O discurso de Franco Rabelo mostra sua intenção de aliar as diretrizes teóricas da criminologia moderna às práticas cotidianas de punição no Ceará por meio de melhorias nos cárceres do estado. Ao mesmo tempo, revela uma série de obstáculos às pretensões elitistas de controlar totalmente os ditos desviantes, os estigmatizados. Apesar disso, desejava-se dar início a uma “campanha coercitiva” a favor “da eliminação da mendicidade e da vagabundagem nas ruas e praças desta cidade; e da proibição dos jogos”, empregando-se meios de regeneração social para que essas pessoas abandonassem “seus maus hábitos, reintegrando-se na civilização e na ordem social, afeiçoado ao trabalho e ao progresso todas as suas energias e estímulos” (Ibid., p. 6).

No entanto, a implementação dessas medidas de reestruturação do sistema carcerário e até mesmo da atividade policial, a partir das diretrizes oferecidas pelas teorias criminais, demoraram a sair do papel. Além disso, a deposição de Franco Rabelo em 1914 e a seca de 1915 resultaram em grande desorganização administrativa e urbana, somada a uma grande “invasão” de flagelados, que demandou novas formas de contenção desse contingente e estratégias para restringir seus movimentos pela cidade.

Dos abarracamentos nos subúrbios, nas praças e em locais públicos, onde residiam os “flagelados” famintos, sujos e doentes que, para o imaginário elitista, enfeiavam o espaço urbano, passou-se à construção do Campo de Concentração do Alagadiço, com o intuito de preservar o centro de Fortaleza das andanças desses retirantes (NEVES, 2000NEVES, Frederico de Castro. A multidão e a história: Saques e outras ações de massas no Ceará. Rio de Janeiro: Relume Dumará, 2000.). O aumento de fluxo de migrantes gerou problemas na manutenção desse espaço, resultando no aumento da mortalidade e na sua posterior extinção, sem contar com a permanência de retirantes na condição de mendigos, moradores de rua na cidade, que passaram a ser vistos como vadios e criminosos.

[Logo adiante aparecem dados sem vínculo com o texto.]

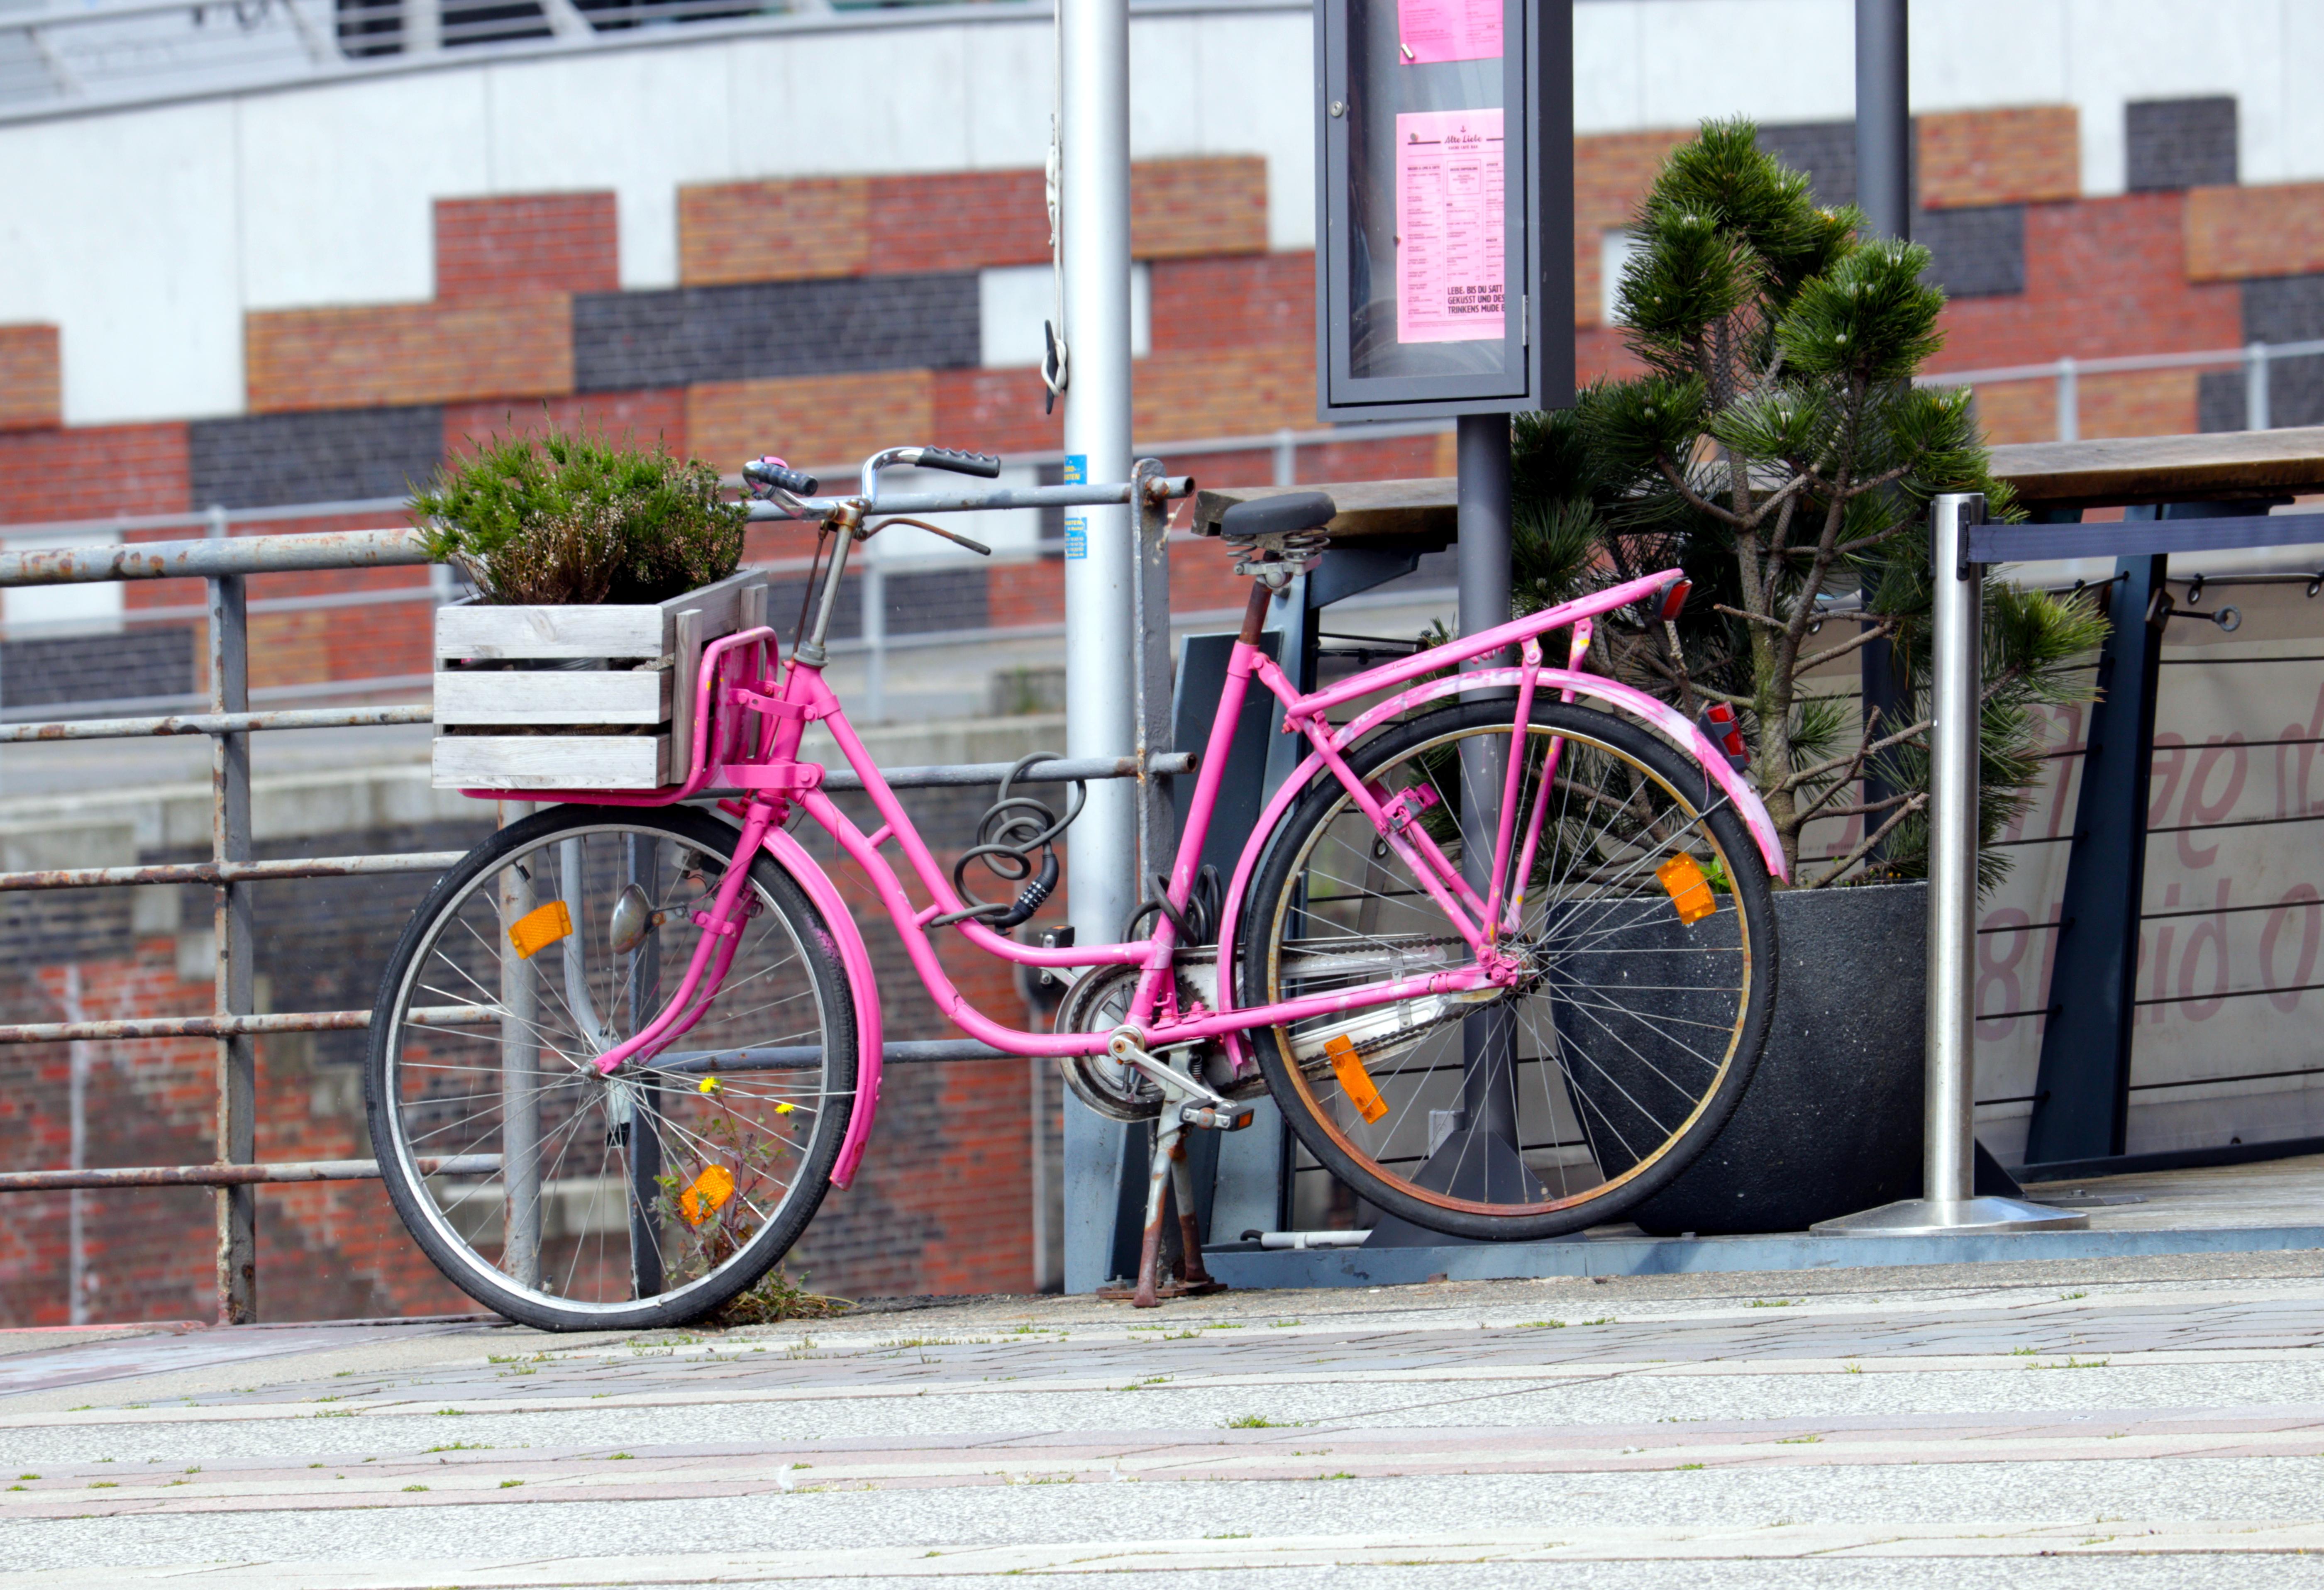 Pinkes Fahrrad

A relação entre os flagelados da seca e a cidade foi marcada por conflitos envolvendo uma multidão de retirantes em torno da distribuição de recursos de assistência, acarretando, por vezes, saques e confrontos com a força policial. Essas ações foram interpretadas pela elite dirigente como fruto de uma decadência moral e física, ao ponto de, em 1925, o presidente do Ceará caracterizar as multidões como aglomerações governadas por sentimentos irracionais e propulsoras de “agitações intempestivas e apaixonadas [buscando] promover escândalos, pregar ideias subversivas, negar as nossas virtudes cívicas e o nosso progresso” (ROCHA, 1925ROCHA, José Moreira da. Mensagem dirigida à Assembleia Legislativa do Ceará em 1925 pelo Presidente do Estado Desembargador José Moreira da Rocha. Fortaleza: Typographia Moderna, 1925., p. 31).

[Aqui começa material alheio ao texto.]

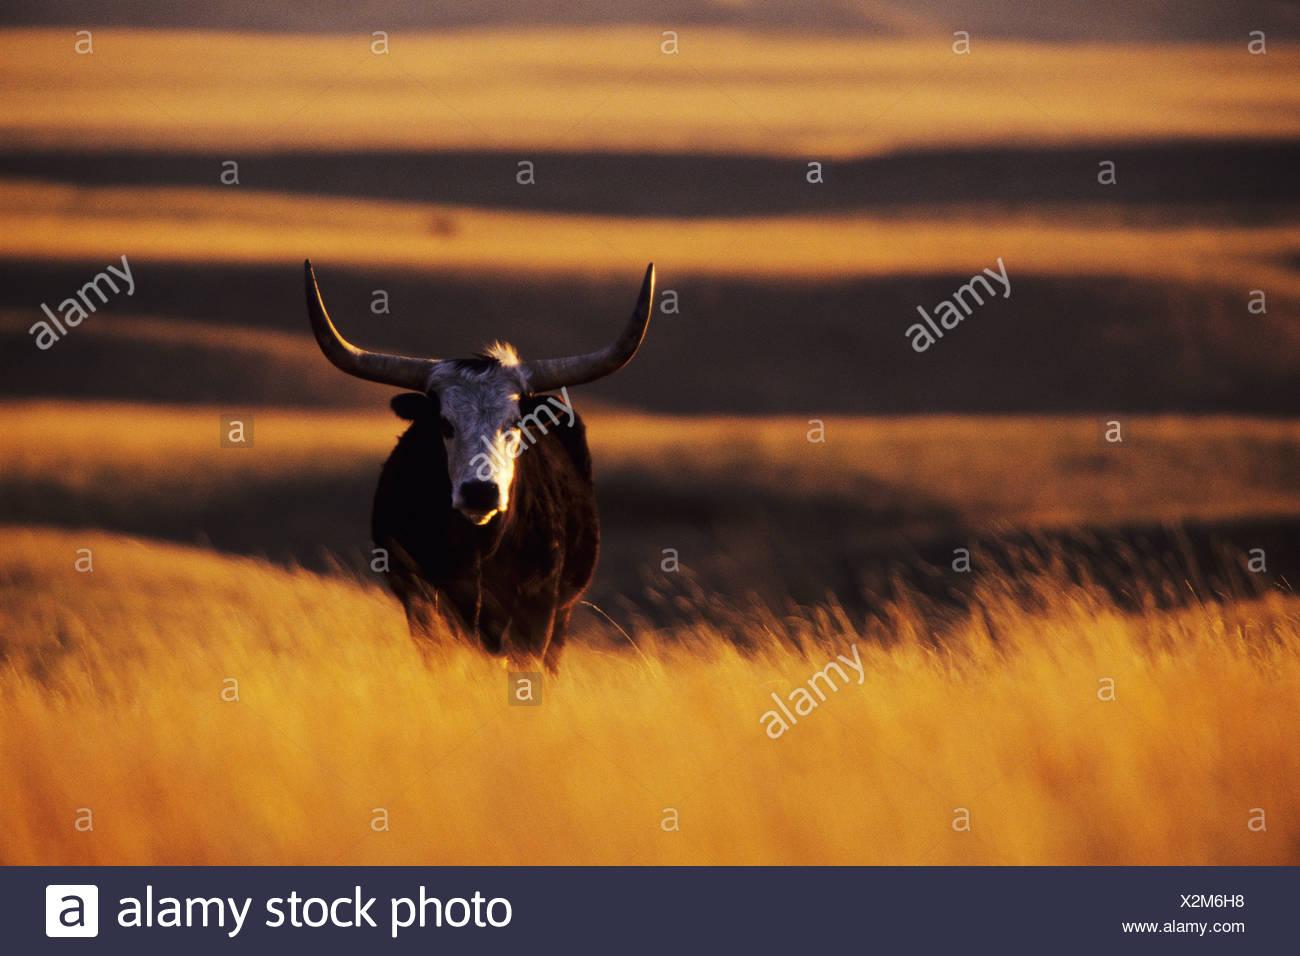 Longhorn steer near Mankota, Saskatchewan, Canada - Stock Image

Essa perspectiva sobre a multidão, que atrelava seus atos a um “barbarismo”, permaneceu por um longo tempo no imaginário da sociedade cearense. Em 1930 foram publicadas na Revista Policial partes do texto do criminalista italiano Scipio Sighele, discípulo de Lombroso que abordava a psicologia coletiva das aglomerações, que chamava de “multidão criminosa”:

Devemos notar que antes de tudo que a multidão está em geral mais disposta para o mal do que para o bem. (...). Há na multidão uma tendência occulta para a ferocidade, que constitue - posso dizer assim - o fator orgânico, complexo, de suas futuras manifestações; e esse fator (como o fator antropológico no indivíduo) pode seguir uma direção boa ou má, conforme a ocasião e conforme a sugestão que lhe é imposta pelas condições externas. (...). Portanto, na multidão - como no indivíduo - toda a manifestação é devida ás duas ordens de factores, antropológico e social; - a multidão pode ser em potência, o que quiserem, mas é ocasião que há de fazer nascer tal ou tal acontecimento (SIGHELE, 1930SIGHELE, Scípio. “A multidão criminosa: Na multidão, o micróbio do mal se desenvolve mais que o do bem”. Revista Policial, Fortaleza, ano 1, n. 6, pp. 42-44, 1930., pp. 42-43).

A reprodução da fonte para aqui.